The main problem of your first approach is that you have two nested loops over the same list, which gets you a quadratic time complexity. To recall, that implies that the inner loop’s body gets executed 10,000 times for a list with 100 elements and 1,000,000 times for a list of 1,000 elements, and so on.
It doesn’t help calling Pattern.matches(regex, r2) in the inner loop’s body. That method exist only to support (as delegation target) the String operation r2.matches(r2), a convenience method, to do Pattern.compile(regex).matcher(input).matches() in one go. If you have to apply the same regex multiple times, you should keep and re-use the result of Pattern.compile(regex).

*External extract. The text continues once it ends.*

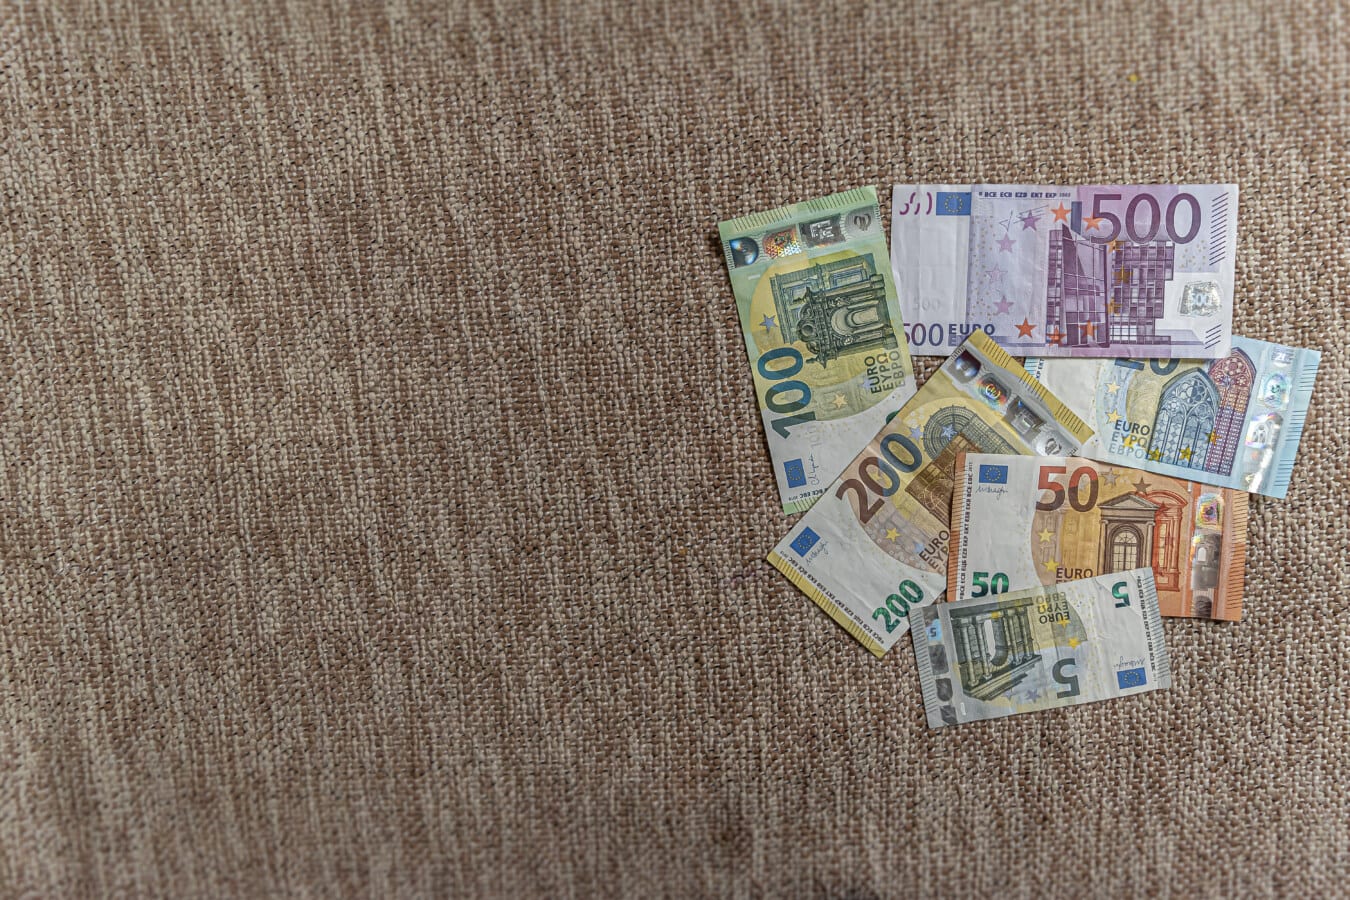 Ekonominin büyümesini gösteren euro (€) kağıt banknot yığını

But here, there is no point in using a regex at all. You have already decomposed the string using split and can access each component via a plain array access. Using this starting point to compose a regex to be applied on the string again, is complicated and expensive at the same time.
Just use something like
// return true when at least one string has the same values for indices
// but different value for supplementaryIndex
Map<List<String>,String> map = new HashMap<>();
for(String r : rows) {
String[] rt = r.split(",");
List<String> key = List.of(rt[indices[0]], rt[indices[1]]);
String old = map.putIfAbsent(key, rt[supplementaryIndex]);
if(old != null && !old.equals(rt[supplementaryIndex])) return true;
}
return false;
This loops over the list a single time, extracts the key elements from the array and composes a key for a HashMap. There are various ways to do this. But while it’s tempting to just concatenate these elements like rt[indices[0]] + "," + rt[indices[1]], which would work, using a List is preferable, as it avoids expensive string concatenation.
The code puts the value to check into the map which will return a previous value if this key has been encountered before. If so, the old and new values can be compared and the method can return immediately if they don’t match.
When you are using Java 8, you have to use Arrays.asList(rt[indices[0]], rt[indices[1]]) instead of List.of(rt[indices[0]], rt[indices[1]]).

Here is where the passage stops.